Mardi Gras at Home: Beads, King Cake, Muffulettas, and Hurricanes
King Cake is a Mardi Gras tradition.
Robert Fresh Market
Happy Fat Tuesday! This is the day when good Christians stuff themselves with booze, food, and show their boobs in exchange for beads in a last-ditch effort to get in as much partying as they can before Lent. Thankfully, like Christmas, everyone can enjoy a good Mardi Gras celebration.
Sure there are some great places to party, but sometimes you just wanna stay home. We'll tell you everything you need to celebrate Mardi Gras at home.
The Hurricane is the unofficial "official" drink of New Orleans.
Invented by bar owner Pat O'Brien, the Hurricane is a blend of light and
dark rum, fruit juice, and Amaretto. Usually when served in bars, it
looks and tastes like boozy Kool-Aid. This recipe recreates what the
famous New Orleans barkeep had in mind all those years ago.
1 oz. dark rum
1 oz. light rum
1 oz. Amaretto
2 oz. fresh orange juice
2 oz. unsweetened pineapple juice
Dash of Grenadine
Teaspoon fresh lime juice
Combine ingredients into shaker filled with ice. Strain and pour into
tall Collins or Hurricane glass filled with ice. Garnish with cherry and
Muffuletta (or Muffaletta)
The sandwich of New Orleans, traditionally a giant sesame seeded roll
filled with salami, ham, provolone, Swiss, and oily, salty olive salad
(which is basically what makes it great). Make your own by over
stuffing a seeded roll with the above mentioned meats and cheeses. Make
your own olive salad by tossing green pimento olives and olive oil into
a food processor and chopping for 30 seconds.

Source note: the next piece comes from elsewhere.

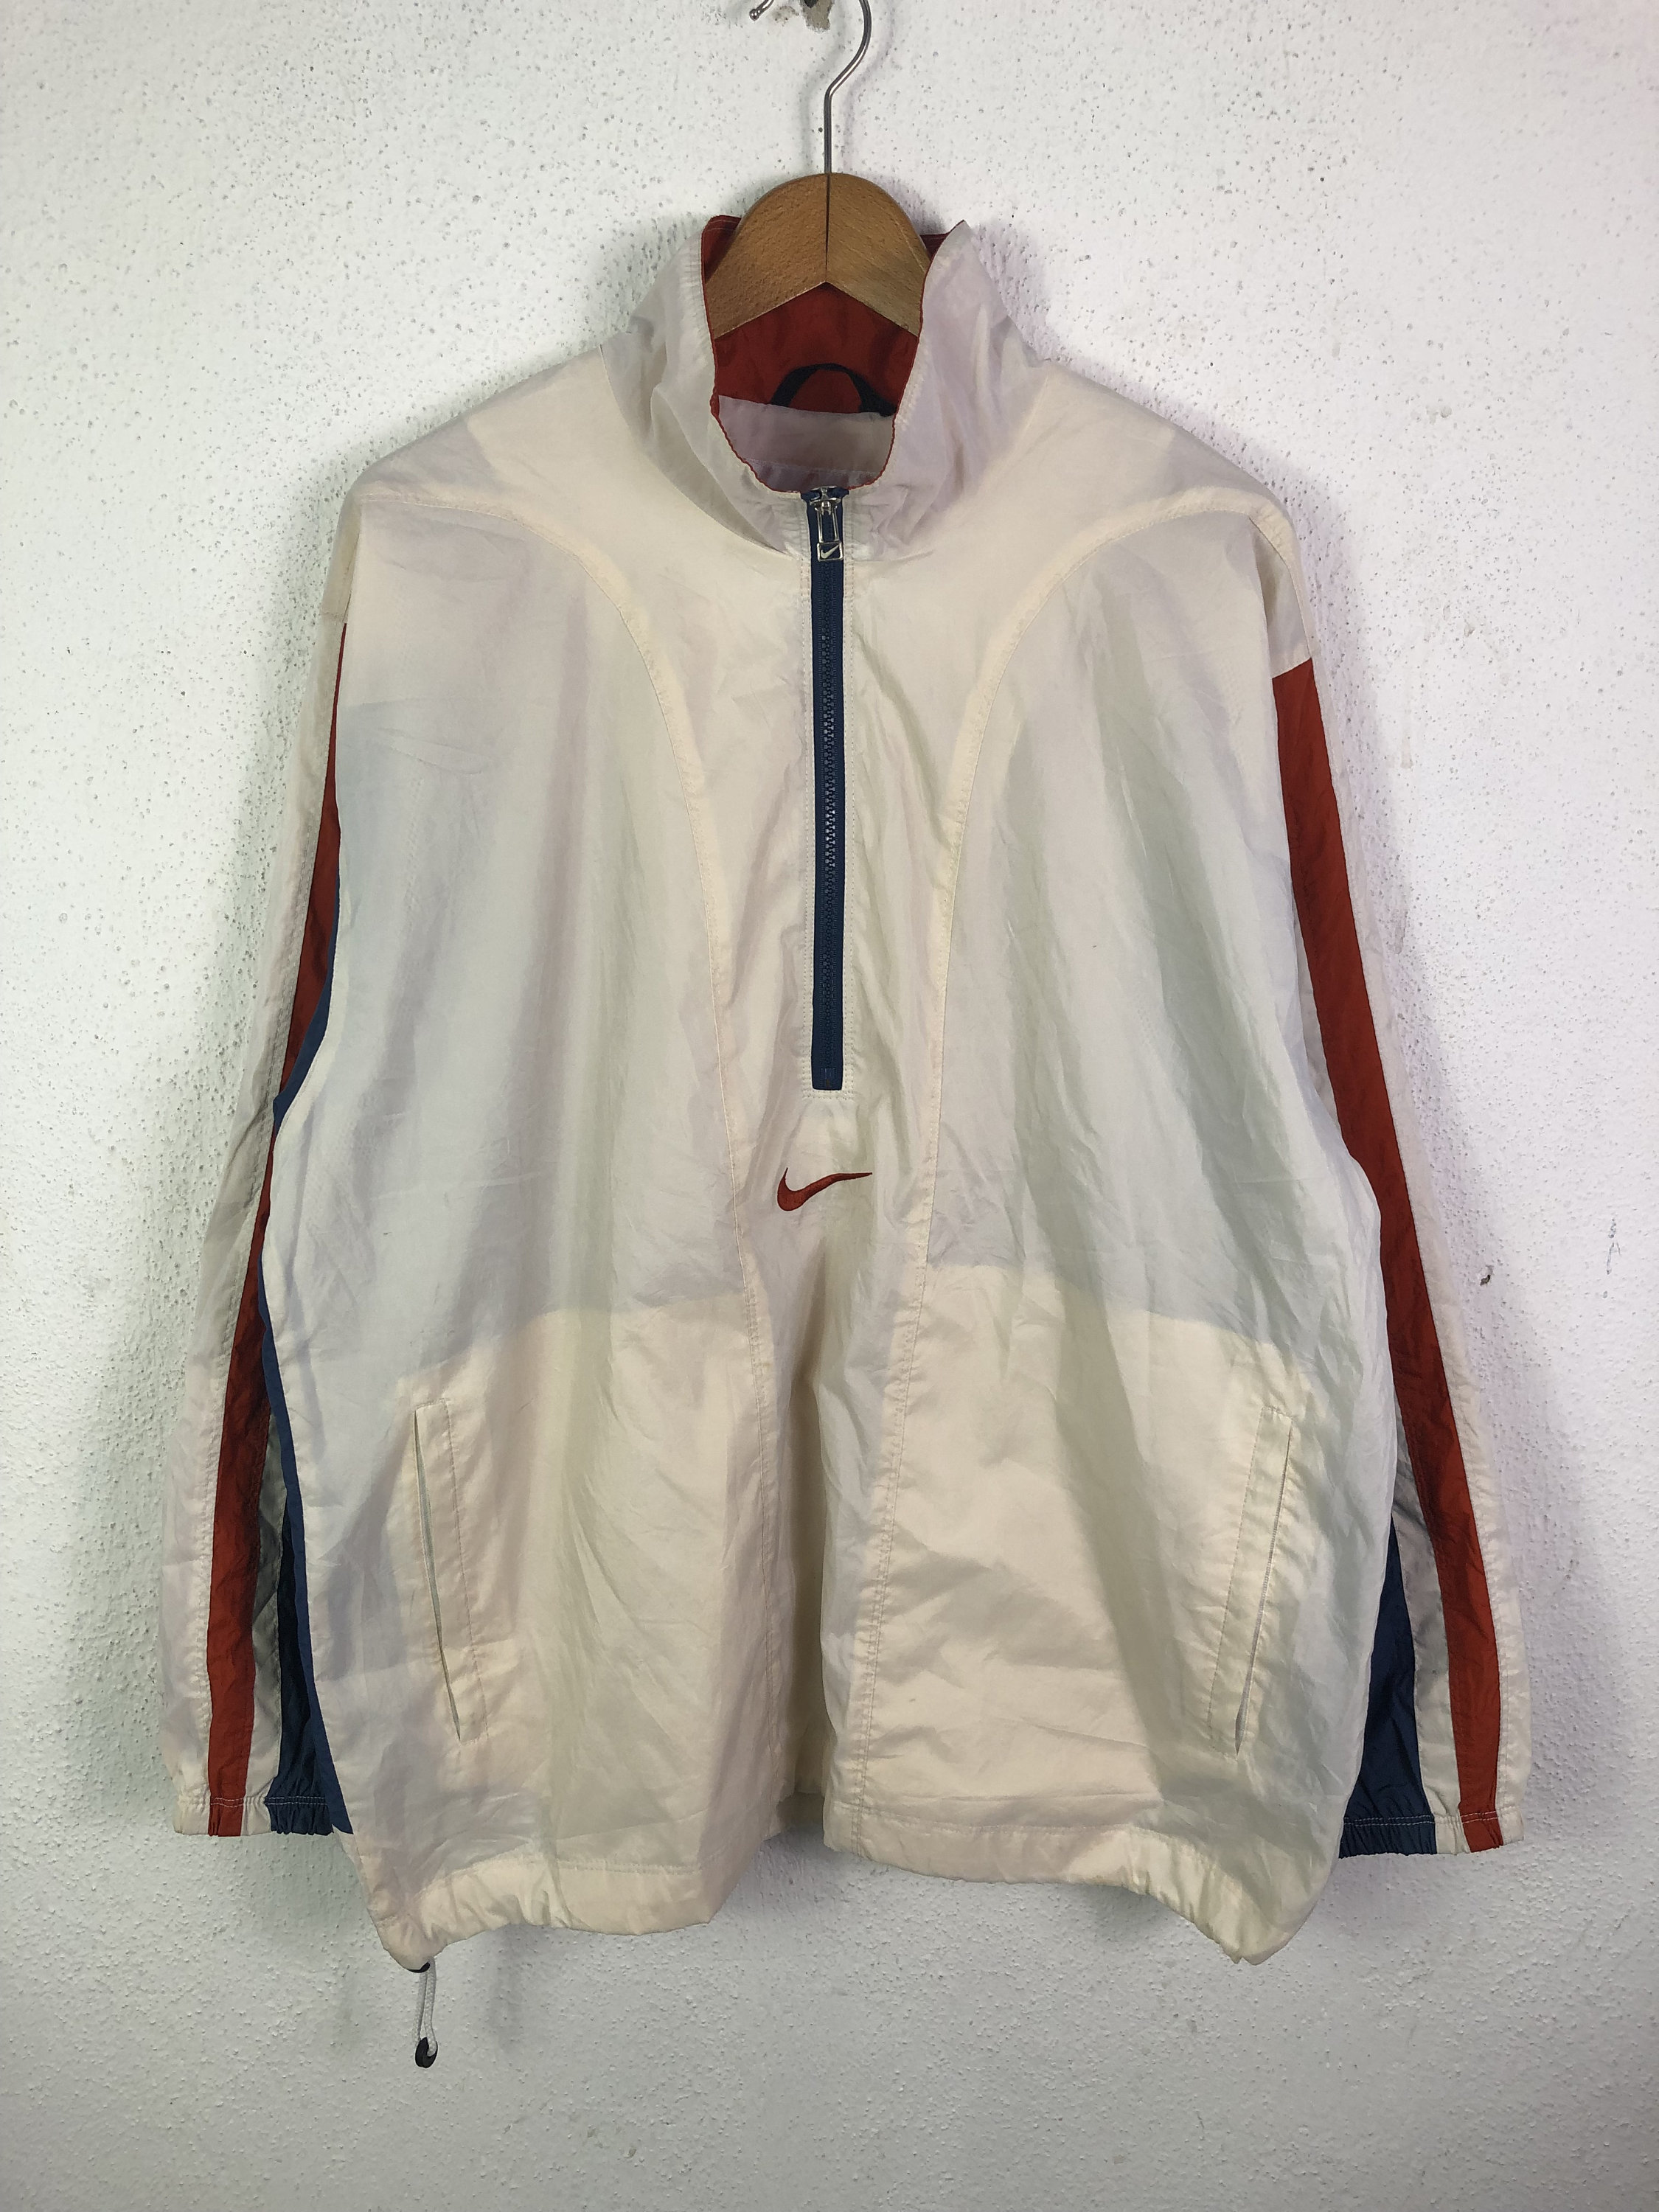 Vintage NIKE Swoosh Half Zipper Windbreaker Jacket Sportswear Nike ...

Muffuletta in Coconut Creek sells authentic New Orleans muffulettas.
Choose the traditional or custom make your own with your choice of deli
meats. A half ($8) serves one person, a full ($15) serves two. Pick a few up to go on your way home tonight -- they're open until 9:30 p.m.
King Cake is basically a round cinnamon danish ring, topped with icing
and purple, gold, and green colored sugar. Other flavors are available
at New Orleans bakeries, where King Cake is an industry unto itself.
The colors on the cake are a Mardi Gras tradition and have specific
meanings - purple for justice, green for faith and gold for power. Watch
out for the baby baked inside each King Cake. A small plastic baby is
hidden inside each cake. The person who gets the baby is said to have a
year of good luck. They also have to pay for next year's cake. Pick up a
King Cake at Publix ($9.99), Whole Foods ($12.99) or Fresh Market ($12.99).
It's not Mardi Gras without beads. Party City has a large assortment of
them. And remember -- you have to work for your beads (usually by
flashing someone). So don't just give them away.